Purpose: : Since the vitreous humour (VH) is directly apposed to the inner retina, examining protein profiles in samples of vitreous obtained either post mortem or during pars plana vitrectomy from patients with retinal disease may provide unique insights into the pathogenesis of a range of blinding macular diseases. We are conducting this project to characterise the protein profile of normal human vitreous and to test the hypothesis that it differs depending on age, sex and degree of post mortem delay.
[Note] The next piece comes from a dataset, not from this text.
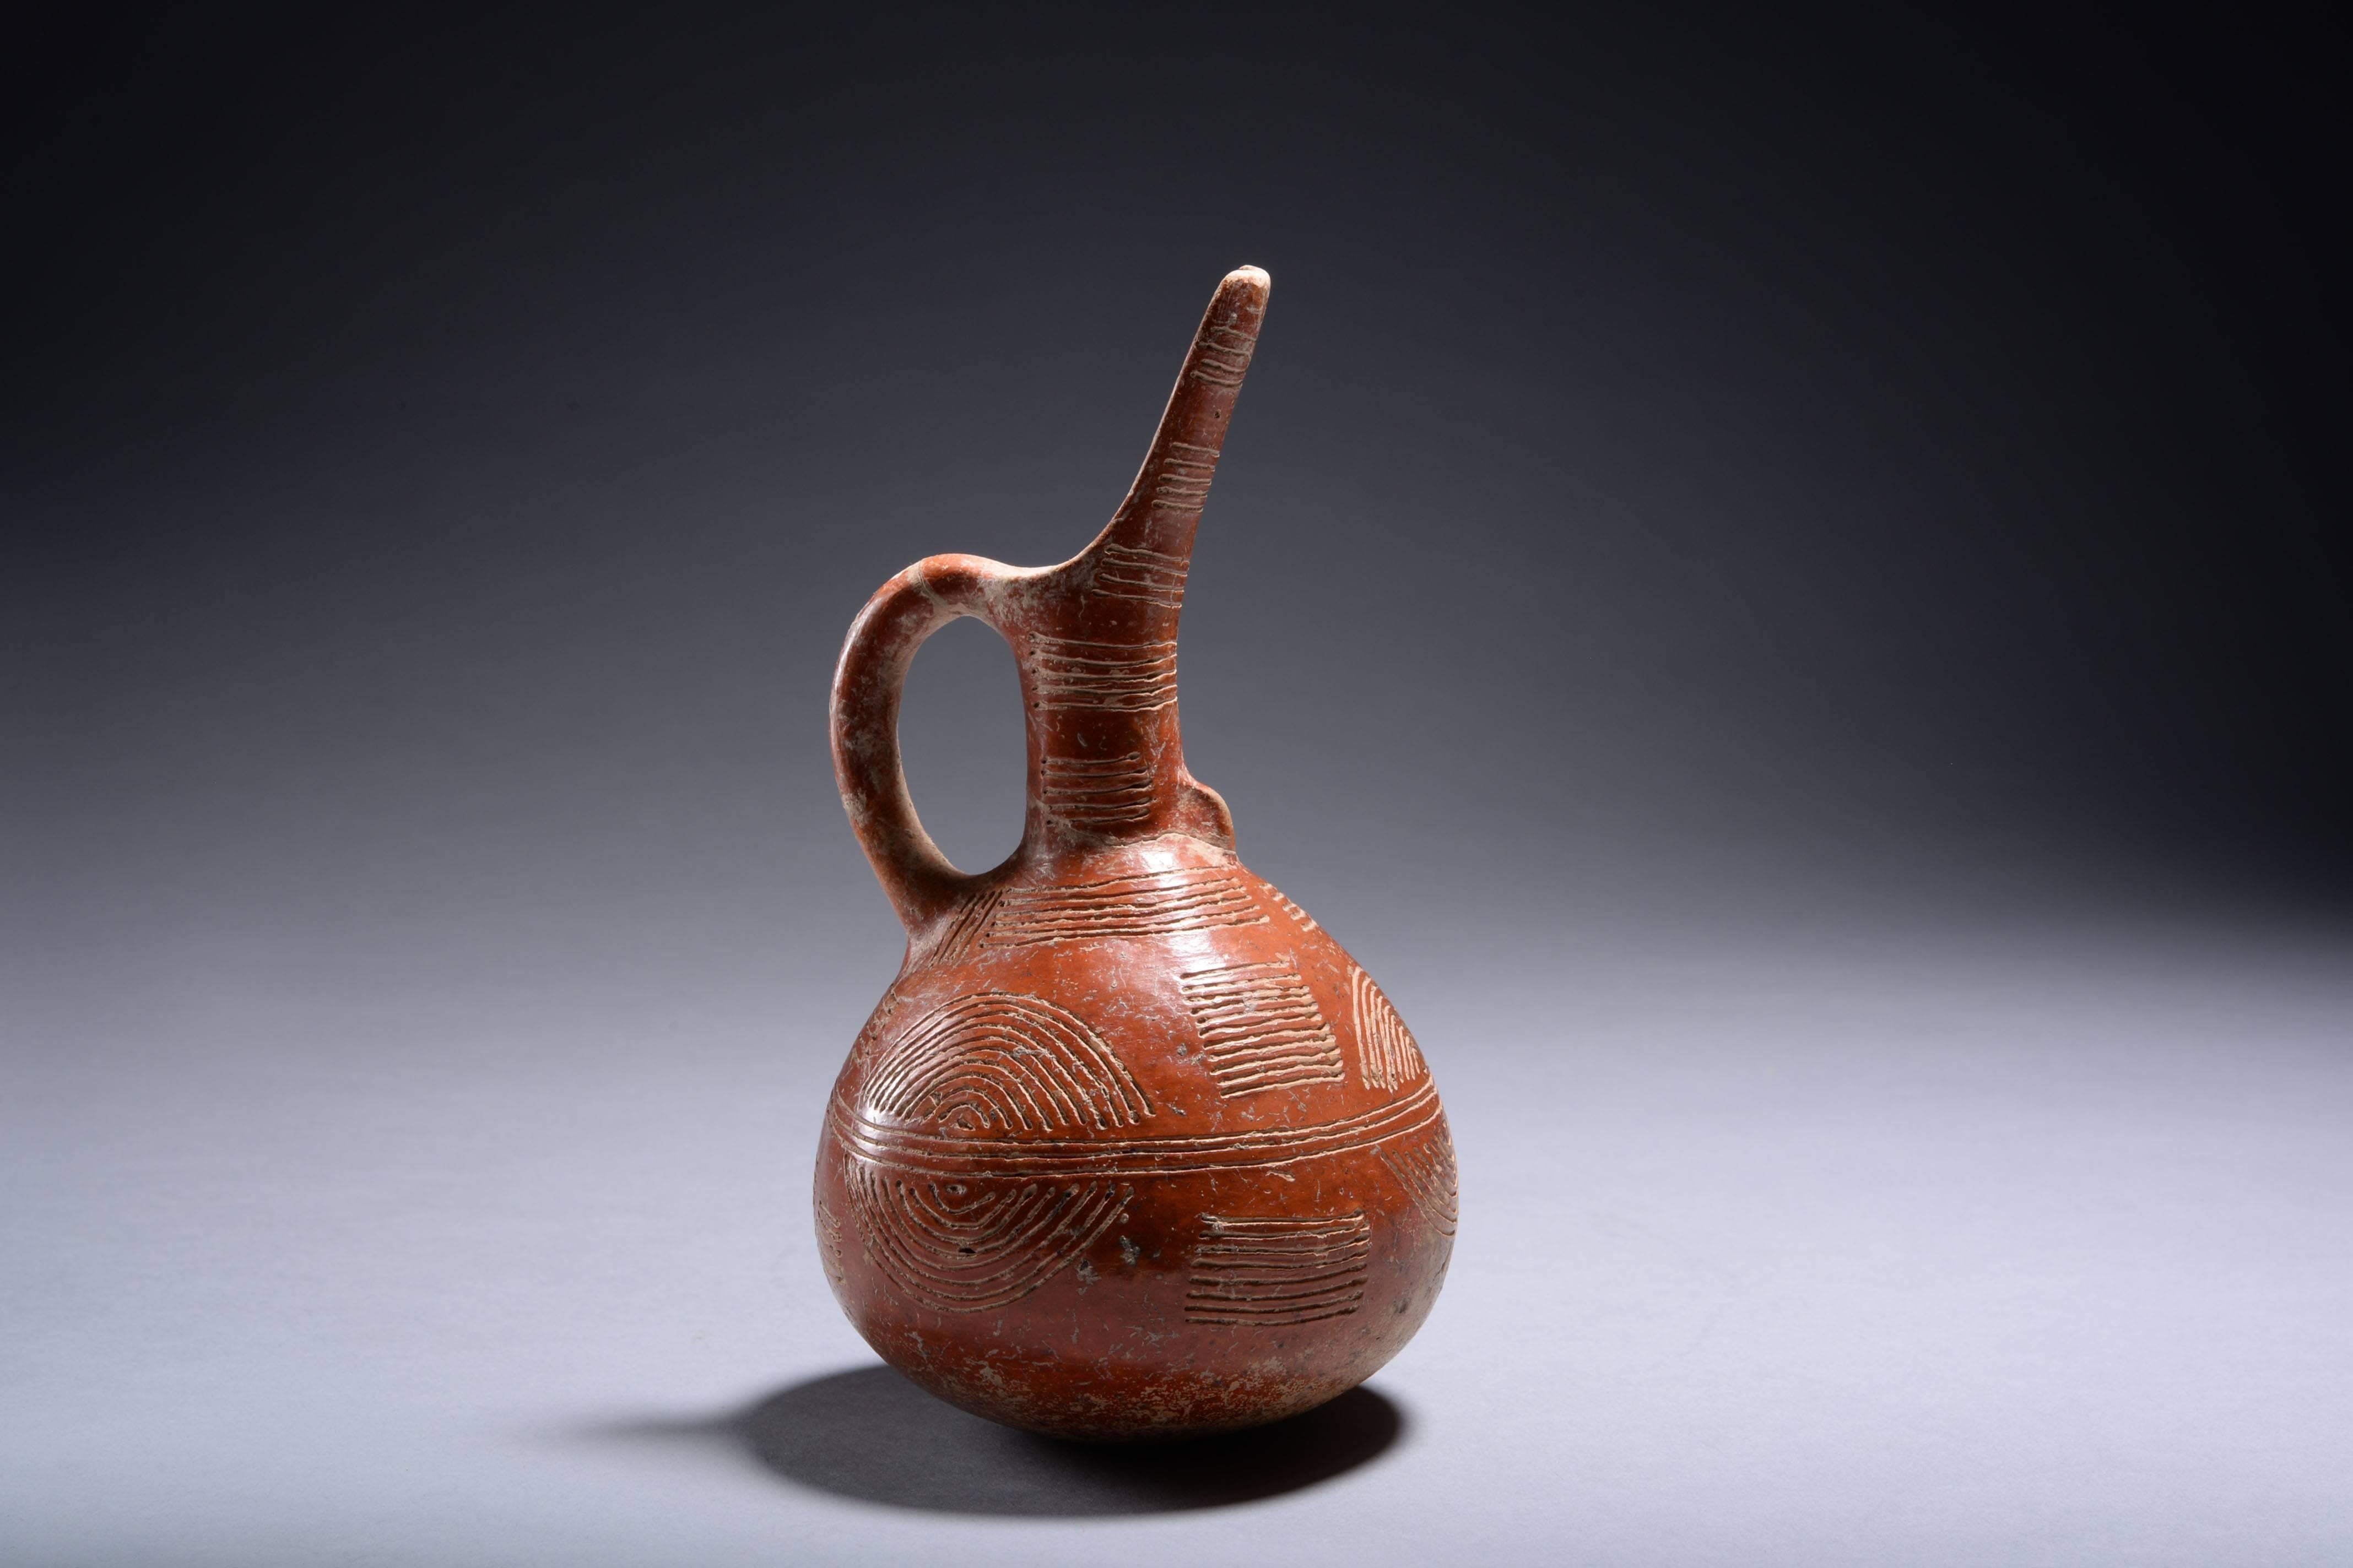 European Cypriot Early Bronze Age Red Polished Ware Beaked Jug, 2300 BC

Methods: : VH samples were obtained from patients during a pars plana vitrectomy or from deceased individuals who have no history of diabetes. VH samples were prepared for proteome analysis by firstly dialysing then lyophilizing the samples. The proteins from the VH samples were then solubilized in a protein solubilization cocktail containing surfactants, reducing agents and chaotropes. Solubilized proteins were then separated using two–dimensional gel electrophoresis (2–DGE). The first dimension was focused using both passive and cup loading sample delivery and in the second dimension proteins were separated based on their molecular weight using SDS–PAGE. Abundant proteins were excised, digested with trypsin and analysed via matrix assisted light desorption/ionisation–mass spectrometry and peak lists generated were used to query online protein databases for identification. Serum albumin depletion was conducted on VH and proteins were separated using 2–DGE.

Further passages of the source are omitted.